As artificial intelligence continues advancing in tasks such as analyzing medical images and interpreting videos, models have expanded in size and computational requirements, consequently increasing their energy demands. According to one estimate, training a large language-processing model generates nearly as much carbon dioxide as the complete lifecycle emissions of five American automobiles. While the typical model's footprint remains comparatively modest, the environmental impact of AI applications grows as they proliferate.

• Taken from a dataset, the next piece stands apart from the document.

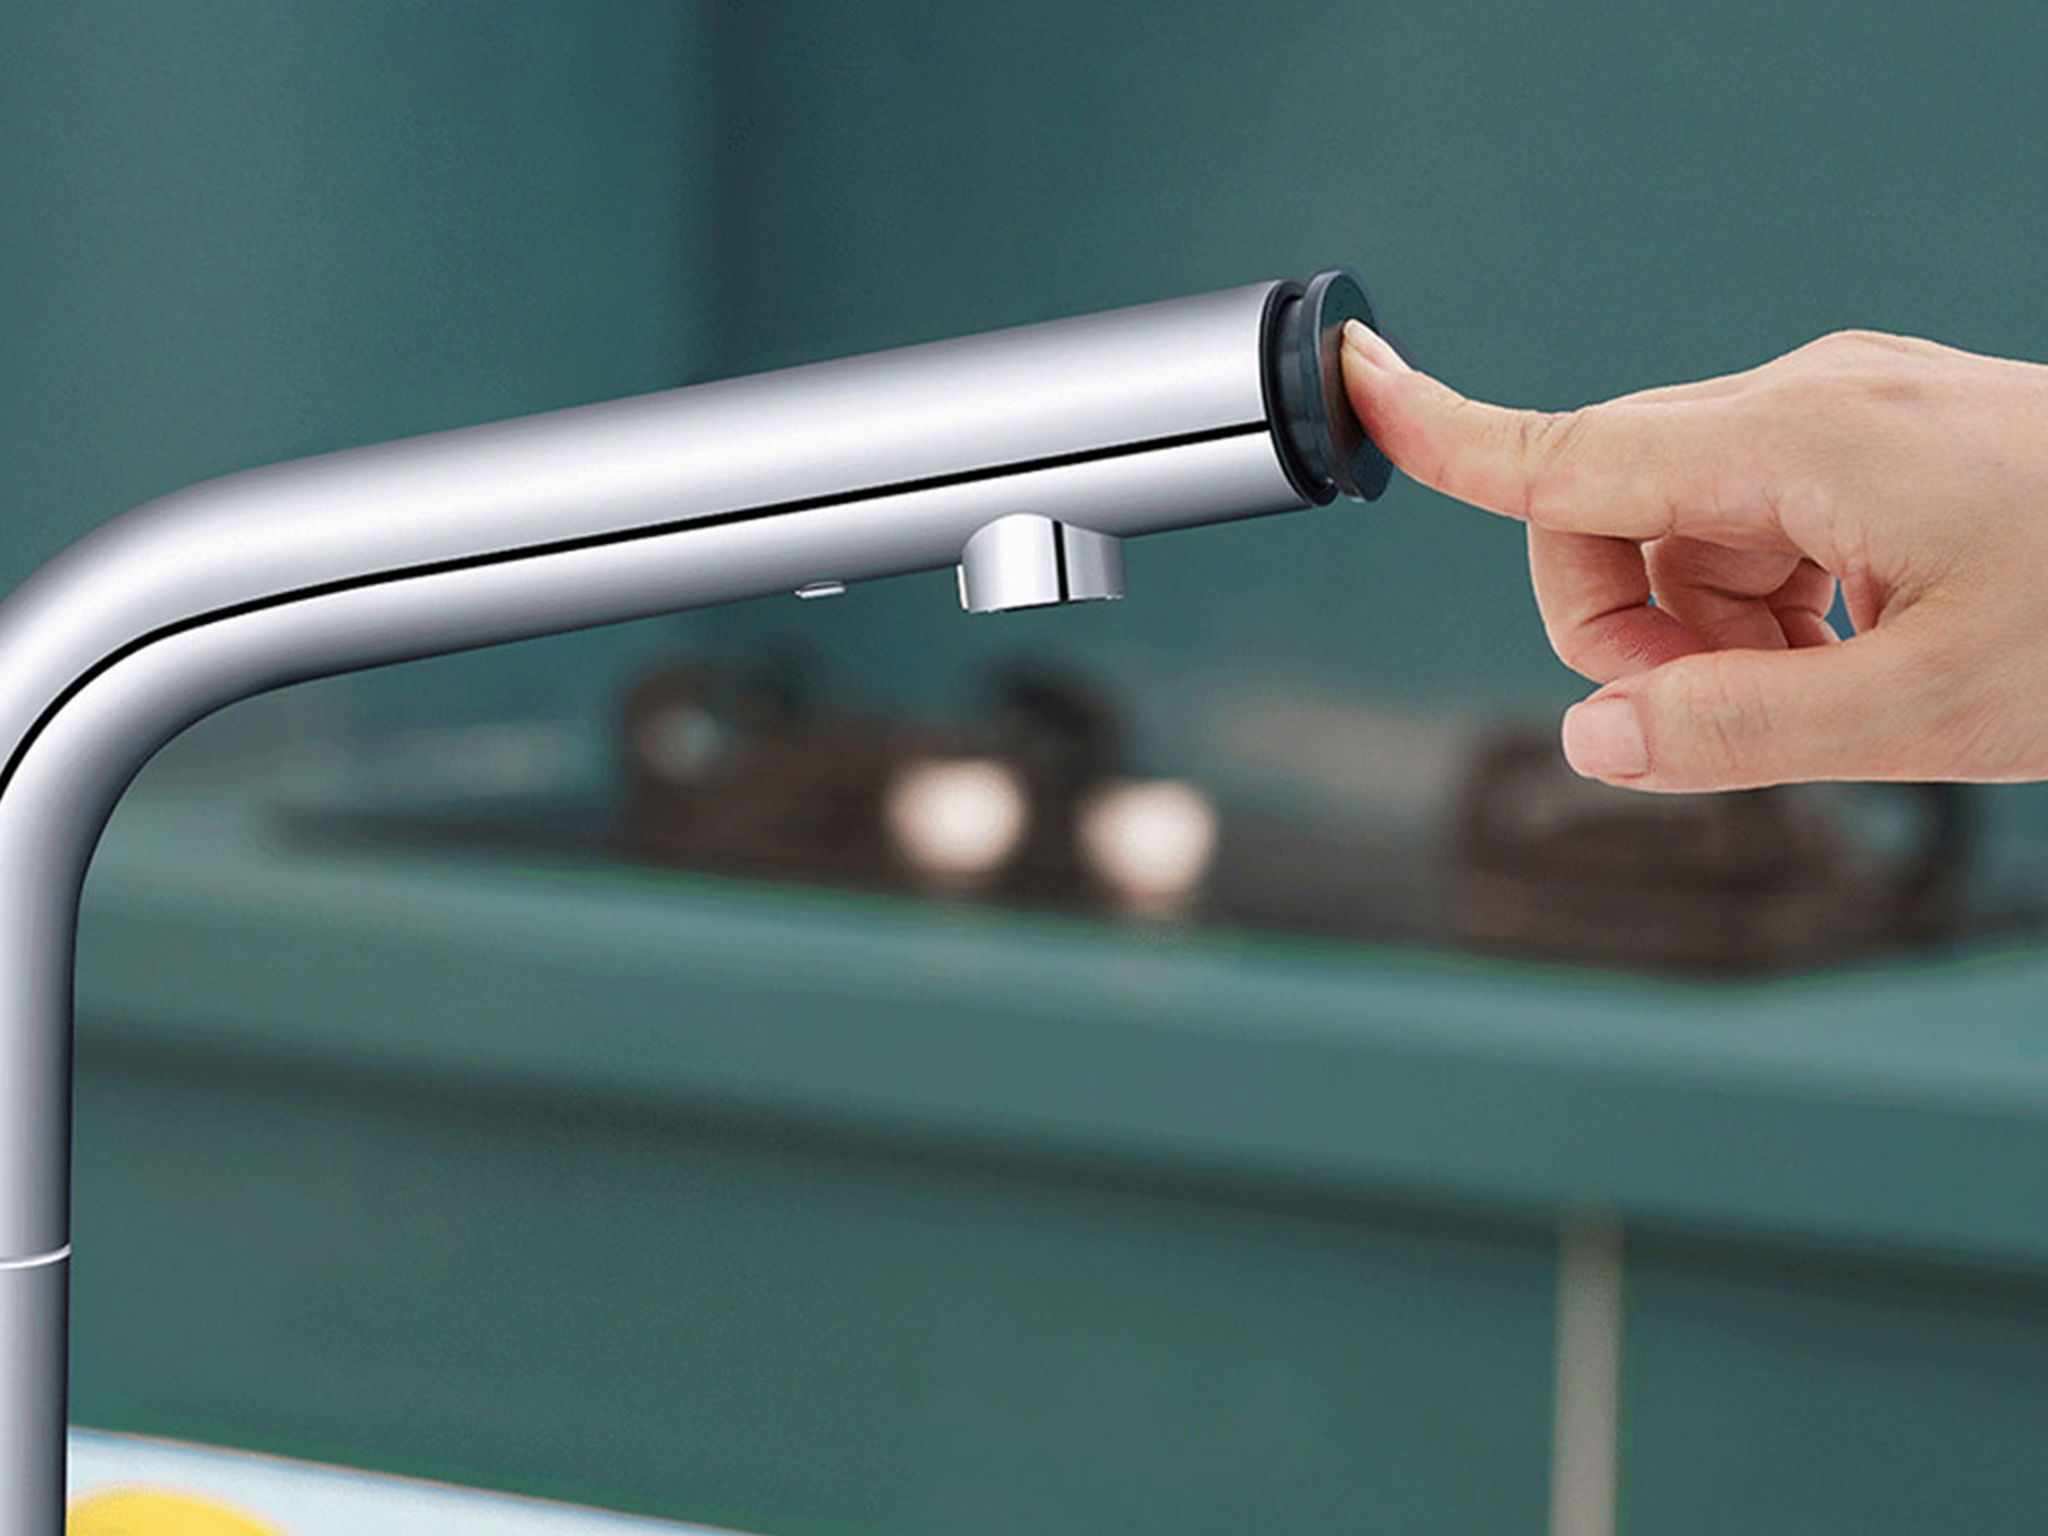 One-button water stop kitchen faucet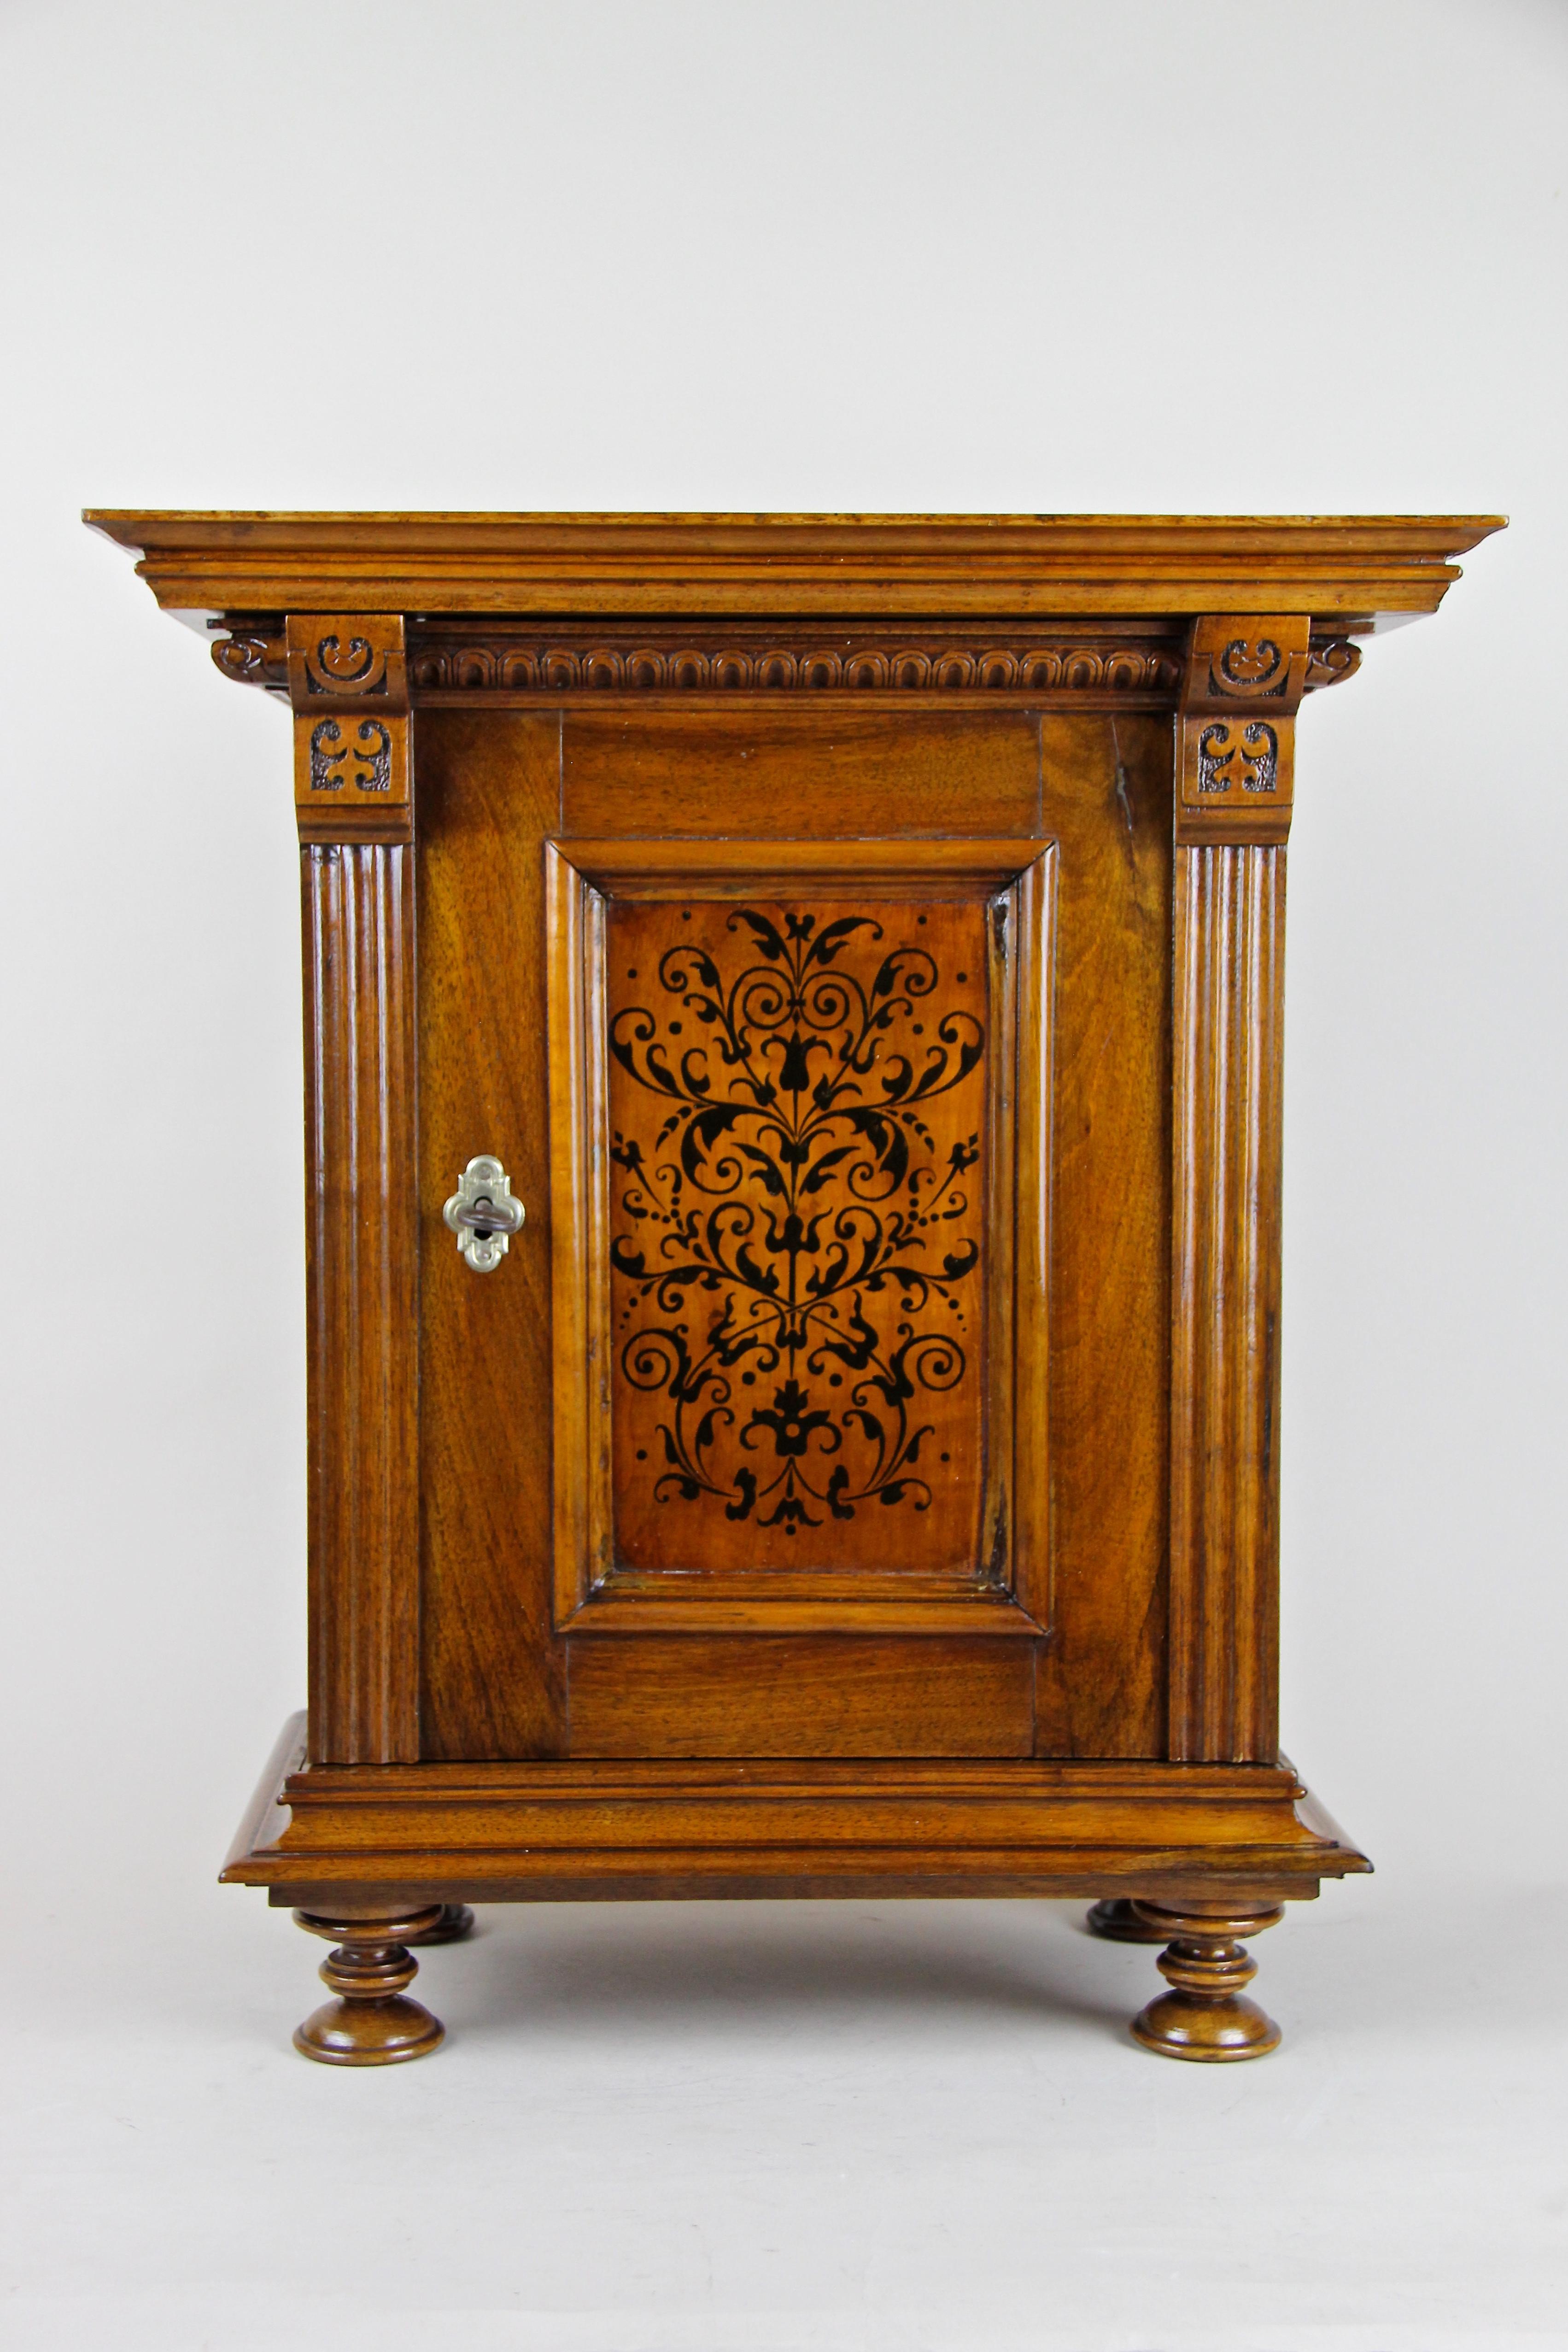 Marvelous Model Cabinet out of Austria circa 1880. This great miniature cabinet was made of spruce wood and veneered/ partly solid in fine nut wood. Pieces like this were made before it was produced in the

One approach to environmentally-friendly AI and managing the exponential growth in AI training demands involves creating smaller models. This strategy was employed by a third hackathon participant, EECS graduate student Jonathan Frankle. Frankle investigates early training signals that indicate subnetworks within larger, fully-trained networks capable of performing identical functions. This concept extends from his award-winning Lottery Ticket Hypothesis research from last year, which demonstrated that neural networks could operate with 90% fewer connections when the appropriate subnetwork was identified early in training.
The hackathon participants were evaluated by John Cohn, chief scientist at the MIT-IBM Watson AI Lab, Christopher Hill, director of MIT's Research Computing Project, and Lauren Milechin, a research software engineer at MIT.
The judges acknowledged four additional teams: Department of Earth, Atmospheric and Planetary Sciences (EAPS) graduate students Ali Ramadhan, Suyash Bire, and James Schloss for adapting the Julia programming language for Satori; MIT Lincoln Laboratory postdoc Andrew Kirby for modifying his graduate-level code for Satori using a library designed for simplified programming of computing architectures; and Department of Brain and Cognitive Sciences graduate students Jenelle Feather and Kelsey Allen for implementing a technique that dramatically simplifies models by reducing their parameter count.
IBM developers were present to address inquiries and collect feedback. "We challenged the system—constructively," states Cohn. "Ultimately, we enhanced the machine, its documentation, and the surrounding tools."
Looking ahead, Satori will be joined in Holyoke by TX-Gaia, Lincoln Laboratory's new supercomputer. Together, they will provide insights regarding the energy consumption of their workloads. "We aim to increase awareness and motivate users to discover innovative approaches to make all computing more environmentally sustainable," Hill concludes.